Harvey wrote:My muffler is a stainless steel stock item that has been on the car since I bought it in 1998. It is very quiet and I do not suspect it as a source of the noise. My doubts also rest upon the fact that the noise appears to be coming from forward of the shift lever.Since my post yesterday I spoke with Ken Gray of Dave Bean Engineering about the rattle/chatter on overrun. He said another possible source of the noise is worn differential crown wheel and pinion components. My car has 122,000 miles on those wear items so it is possible those parts need replacement.

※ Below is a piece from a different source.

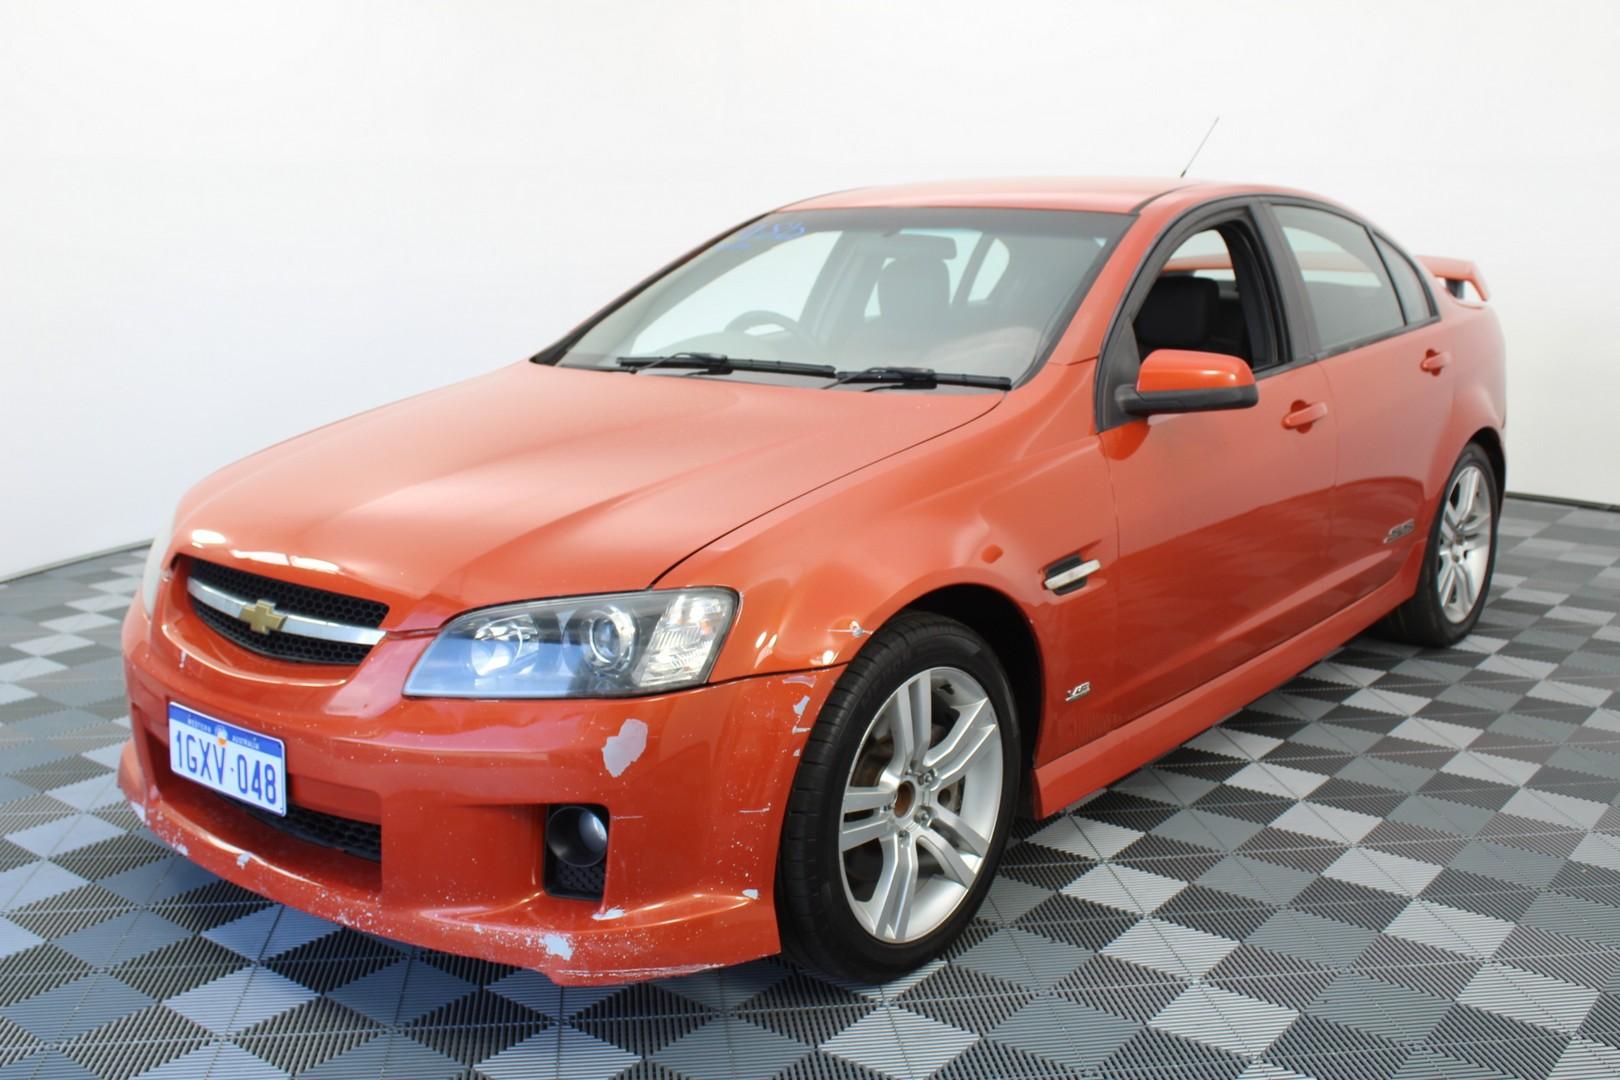 2007 Holden Commodore SS VE Manual Sedan

For the little time and effort required it's well worth checking the muffler for a loose baffle. The muffler can be quiet otherwise despite a loose baffle or centre tube. I have come across it quite often in cars.

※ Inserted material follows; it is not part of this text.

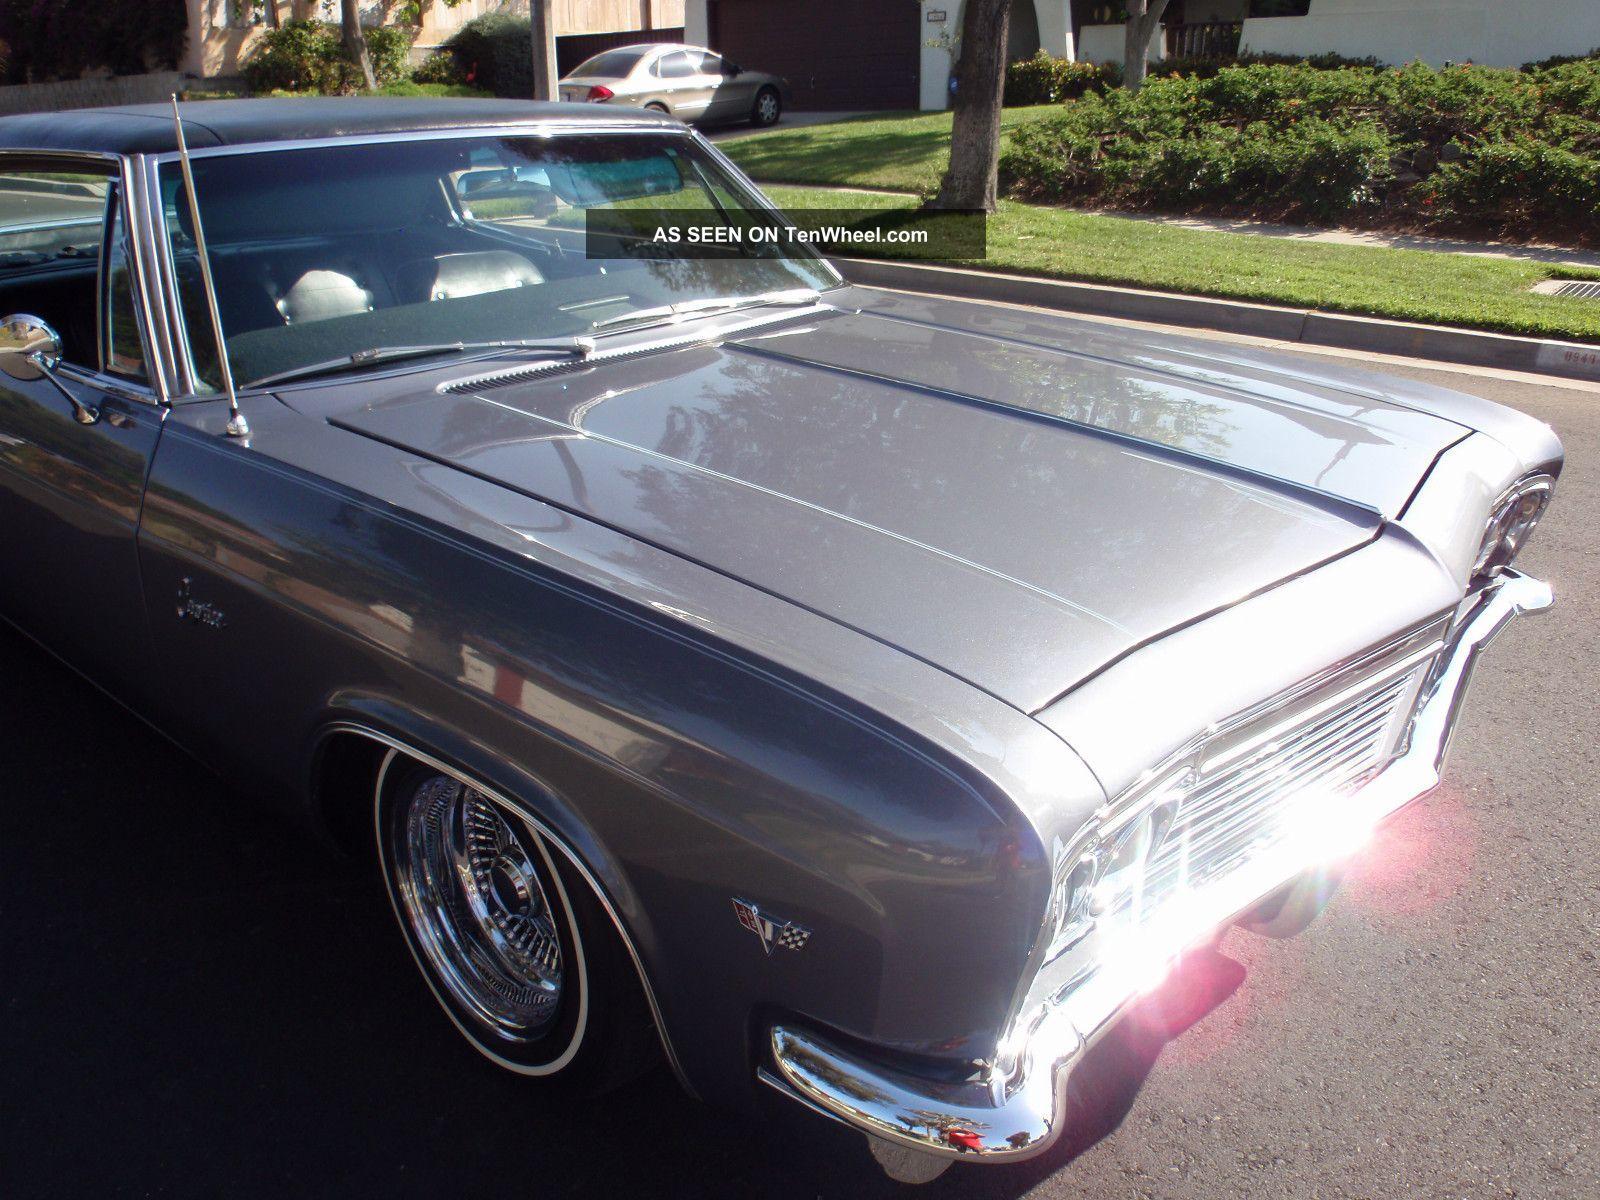 1966 Chevy Impala Caprice Bel Air West Coast Lowrider Chevrolet

122,000 miles is not high for the Ford diff. If it hasn't been used for racing and hasn't suffered from oil leaks or abuse it's usually very reliable. The only thing that is prone to happen is that the collapsible spacer looses tension over time and the pinion pre-load is lost. It usually results in a diff that whines and not the symptoms you describe. Earlier (pre around 1975) spacers were made of thinner material and more prone to this than the later thicker upgraded type. Most problems with the diff are the result of incompetent people fiddling with it! Noises can travel in a car and it is often very difficult to identify the exact direction it's coming from. A stethoscope to poke around with could be useful however.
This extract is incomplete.